Wow those are huge boxes!


----------



## xROELOFx (Mar 13, 2012)

iso79 said:


> Wow those are huge boxes!


it takes quite a lot of space to put a camera body + 24-105 lens inside


----------



## Pierre (Mar 13, 2012)

Just received an e-mail from Amazon:

Hello, We now have delivery date(s) for the order you placed on March 02, 2012 (Order# ): "Canon EOS 5D Mark III 22.3 MP Full Frame CMOS Digital SLR Camera with EF 24-105mm f/4 L IS USM Lens"

Estimated arrival date: April 05, 2012 - April 09, 2012.


----------



## Pierre (Mar 13, 2012)

I ordered the kit. Not sure if that matters.


----------



## Abraxx (Mar 13, 2012)

I'm wondering why Amazon Germany is not accepting pre orders for the mark II yet.... ???

EDIT Mark III I meant of course


----------



## mkrimmer (Mar 13, 2012)

Abraxx said:


> I'm wondering why Amazon Germany is not accepting pre orders for the mark II yet.... ???



which city are you from?


----------



## jalbfb (Mar 13, 2012)

CR: "There was a lot of confidence from a couple of the retailers that initial preorders would be filled very quickly and that Canon had a lot of initial inventory of the camera."

Boy do I hope this is true! 9 days and counting! ;D


----------



## mkrimmer (Mar 13, 2012)

i preordered mine on one of the biggest (if not the biggest) retailers in munich, germany.

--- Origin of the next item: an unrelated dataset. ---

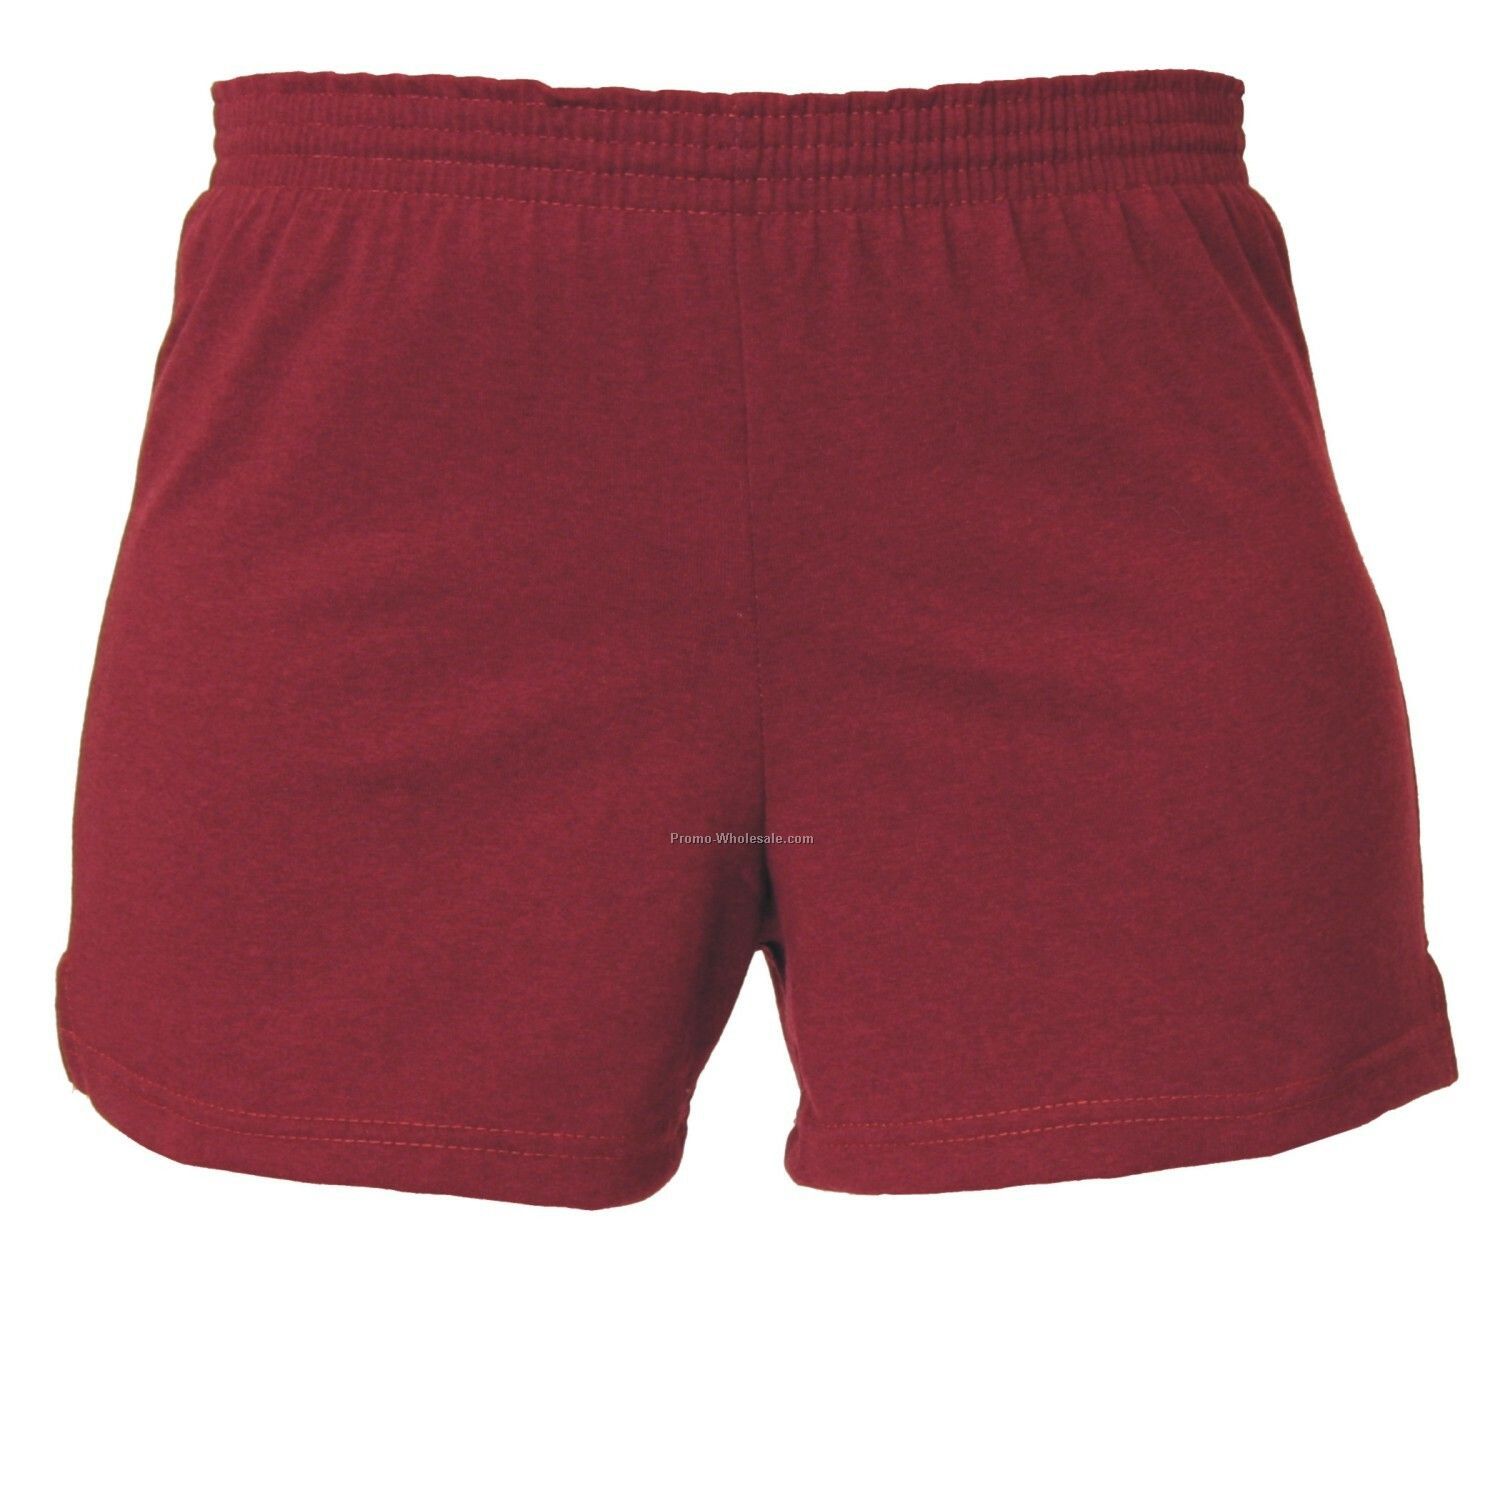 Youths' Maroon Red Spirit Shorts (Ys-yl)

I'm on list #6. i do hope they'll get at least 6 boxed right at the beginning 

and i also hope march, 22nd is also our first date for the Mark III


----------



## Jamesy (Mar 13, 2012)

xROELOFx said:


> iso79 said:
> 
> 
> > Wow those are huge boxes!
> ...



Interesting - I had read somewhere that the initial shipments would be bodies only and that the kits would perhaps be delayed until June - that is good news.


----------



## Dylan777 (Mar 13, 2012)

Pierre said:


> Just received an e-mail from Amazon:
> 
> Hello, We now have delivery date(s) *for the order you placed on March 02, 2012 (Order# ): "Canon EOS 5D Mark III 22.3 MP Full Frame CMOS Digital SLR Camera with EF 24-105mm f/4 L IS USM Lens"
> 
> Estimated arrival date: April 05, 2012 - April 09, 2012.*



Music to my ears....I put my pre-order through BH at 9AM california time. I'm not sure if I'm lucky enough to receive 5D III in the 1st shipment. Even though I don't have any big events coming, but still I want that 5D III in my hand NOW NOW NOW


----------



## Lloyd50 (Mar 13, 2012)

This is good news, hopefully pre orders start to roll in next week. *fingers crossed*


----------



## Mt Spokane Photography (Mar 13, 2012)

China always seems to get them first. They have a embargo date to release them, but it is usually ignored.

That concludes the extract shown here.